Abstract: CUDPP release 2.1 is a feature release that adds many new parallel primitives. We have added cudppCompress, a lossless data compression algorithm. This compression utilizes efficient parallel Burrows-Wheeler and Move-to-Front transforms (BTW) which are also exposed through the API. GPU implementation is dominated by BWT performance and is 2.78× slower than bzip2, with BWT and MTF-Huffman respectively 2.89x and 1.34x slower.

Code: http://cudpp.github.io/

Paper: [InPar’12] Patel, R.A., Zhang, Y., Mak, J., Davidson, A. and Owens, J.D., 2012. Parallel lossless data compression on the GPU (pp. 1-9). IEEE. Slides: http://on-demand.gputechconf.com/gtc/2012/presentations/S0361-Lossless-Data-Compression-on-GPUs.pdf

Cuda 10 is not working, Cuda 9.1 seems working according to cudpp/cudpp#185.

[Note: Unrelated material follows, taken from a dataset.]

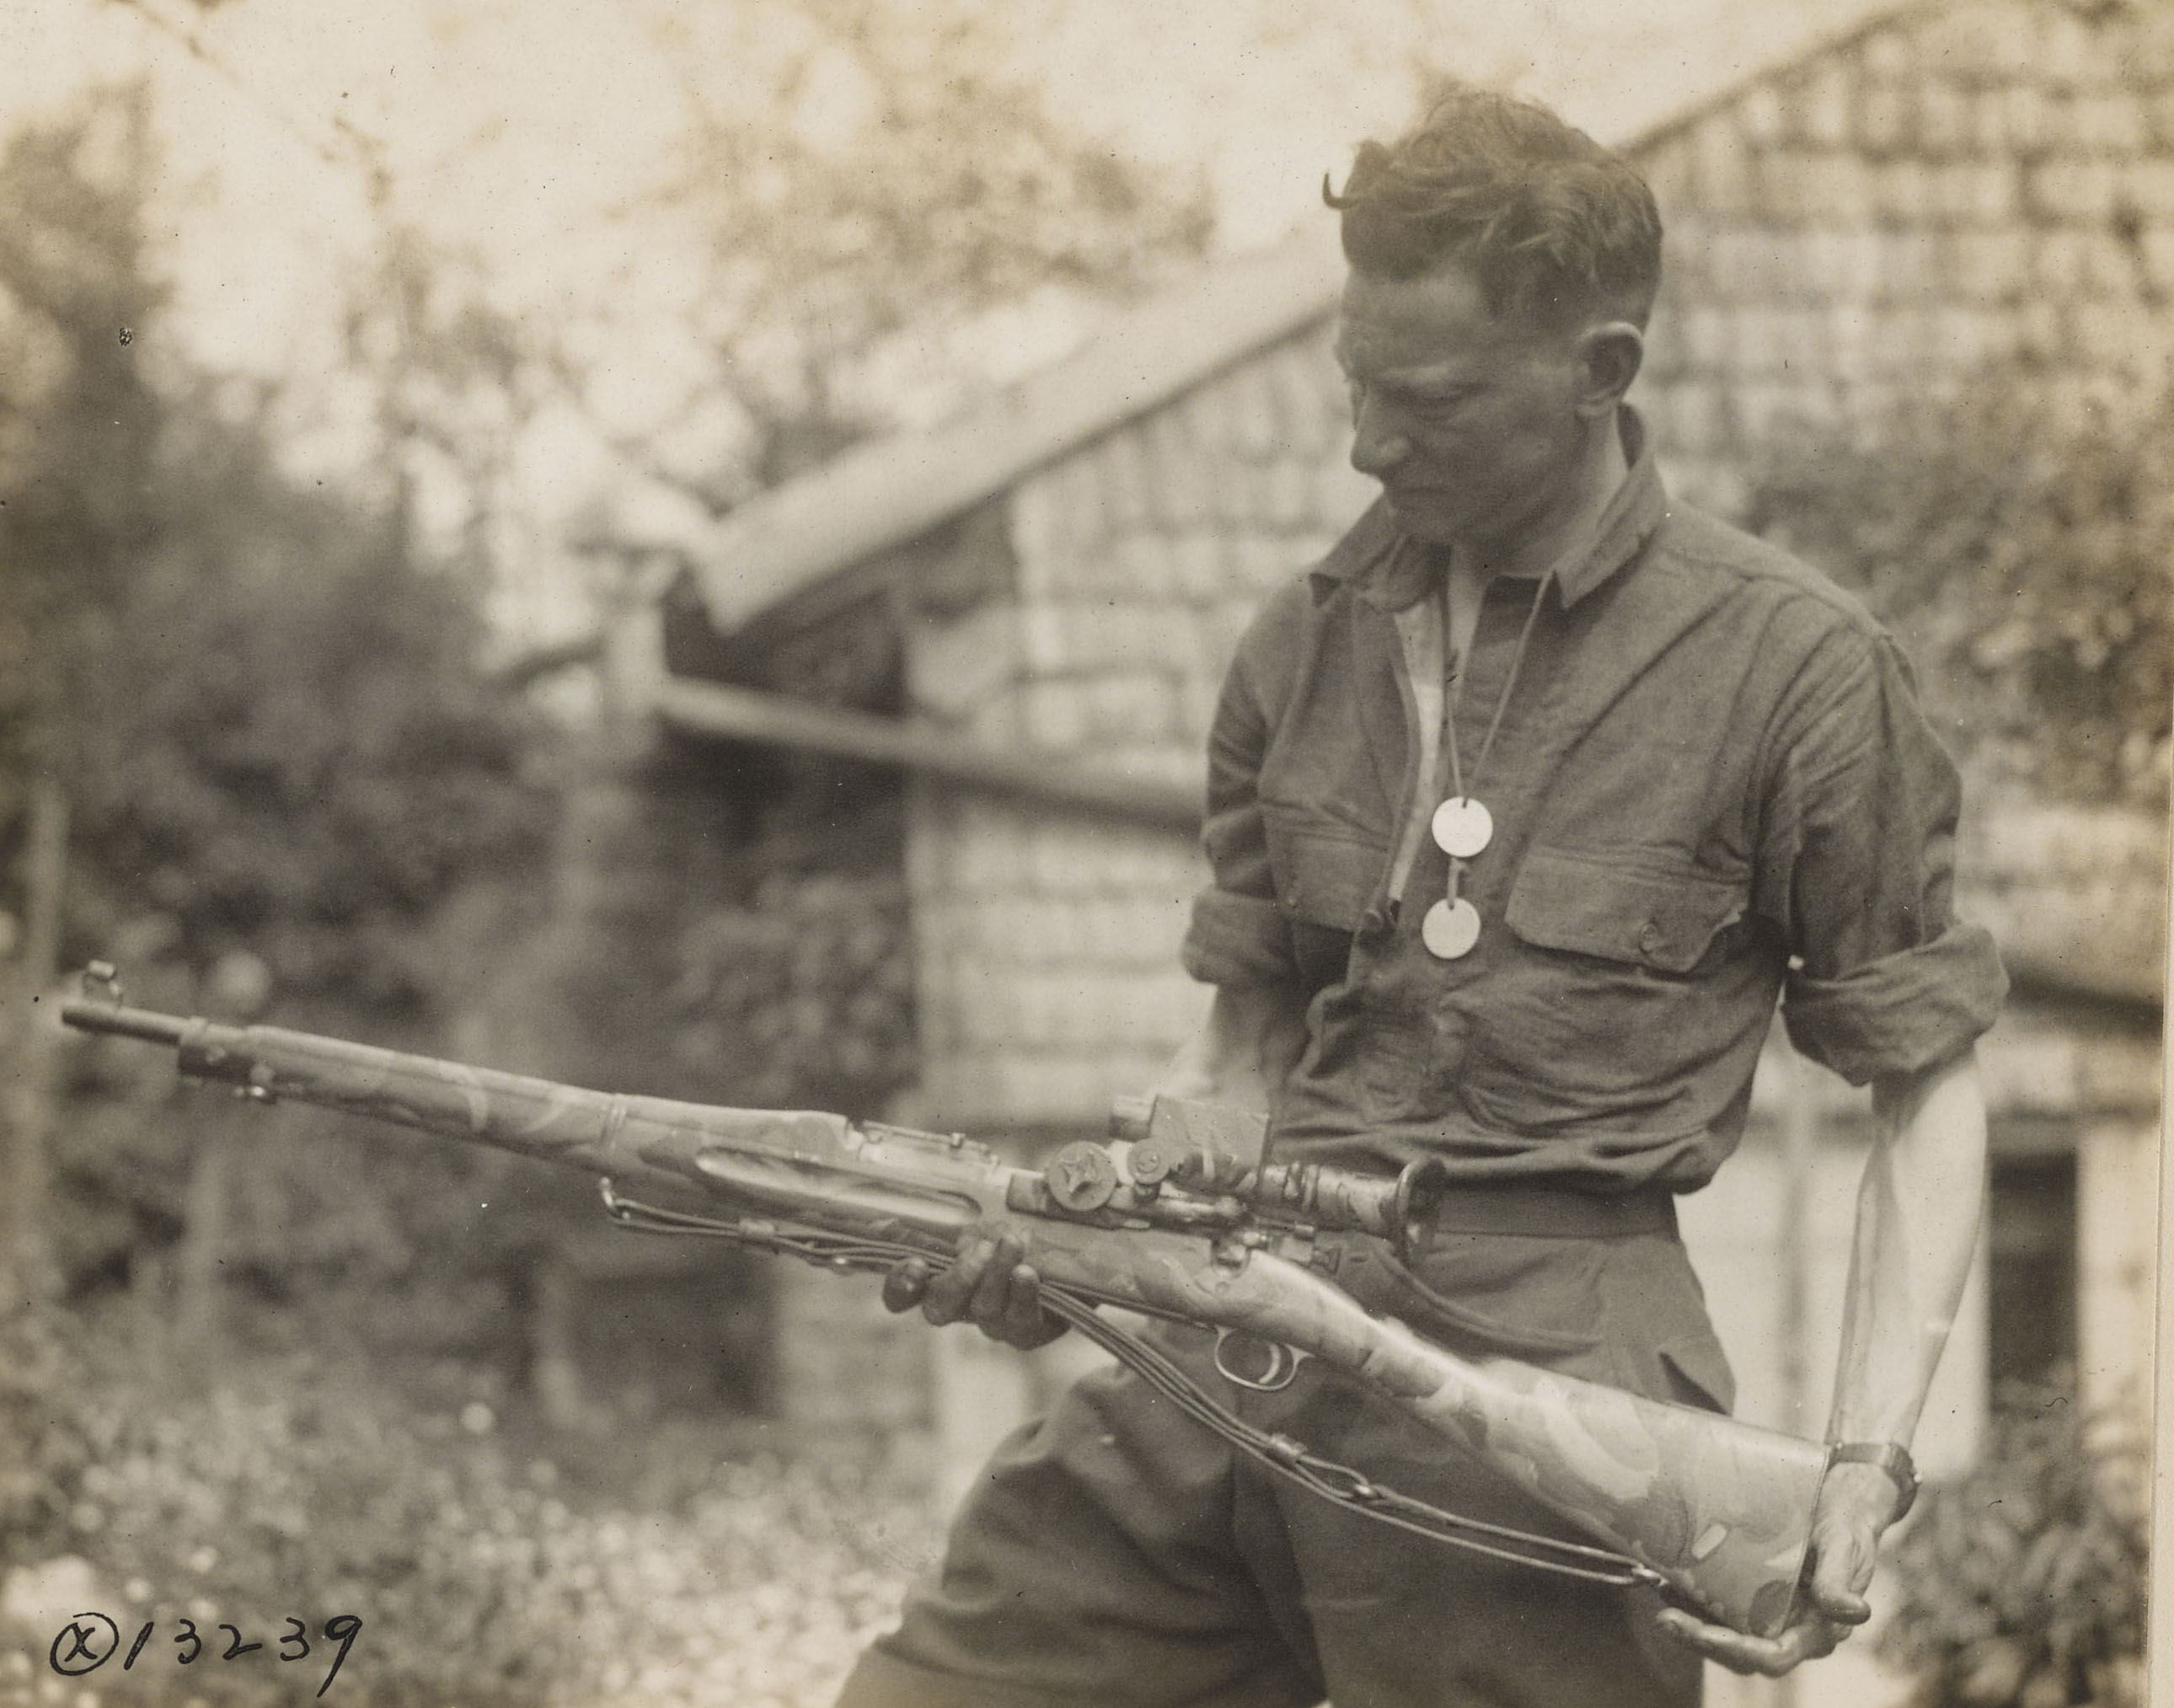 Historic photo shows man with rifle in hand.

2. LibBSC - High Performance Block-Sorting Data Compression Library

Abstract: A library for lossless, block-sorting data compression. bsc is a high-performance file compressor based on lossless, block-sorting data compression algorithms. libbsc is a library based on bsc, it uses the same algorithms as bsc and enables you to compress memory blocks.

Code: https://github.com/IlyaGrebnov/libbsc, http://libbsc.com/

Paper: Burrows, M. and Wheeler, D.J., 1994. A block-sorting lossless data compression algorithm. (https://www.hpl.hp.com/techreports/Compaq-DEC/SRC-RR-124.pdf)

[compress]
./bsc e /home/dtao/GPU-lossless-compression/testdata/largefile /home/dtao/GPU-lossless-compression/testdata/largefile.bsc -G
This is bsc, Block Sorting Compressor. Version 3.1.0. 8 July 2012.
Copyright (c) 2009-2012 Ilya Grebnov <Ilya.Grebnov@gmail.com>.

/home/dtao/GPU-lossless-compression/testdata/largefile compressed 3569598 into 159230 in 0.147 seconds.

[decompress]
./bsc d /home/dtao/GPU-lossless-compression/testdata/largefile.bsc /home/dtao/GPU-lossless-compression/testdata/largefile.bsc.out -G
This is bsc, Block Sorting Compressor. Version 3.1.0. 8 July 2012.
Copyright (c) 2009-2012 Ilya Grebnov <Ilya.Grebnov@gmail.com>.

/home/dtao/GPU-lossless-compression/testdata/largefile. decompressed 159230 into 3569598 in 0.215 seconds.

Compression Ratio = 22.42

3. Parallel Variable-Length Encoding on GPGPUs

Abstract: bzip2-cuda is a parallel version of the BZip2 lossless data compression algorithm using NVIDIA's CUDA, with the aim of improving compression/decompression speed, leaving the compression ratio intact. bzip2 compression program is based on Burrows–Wheeler algorithm.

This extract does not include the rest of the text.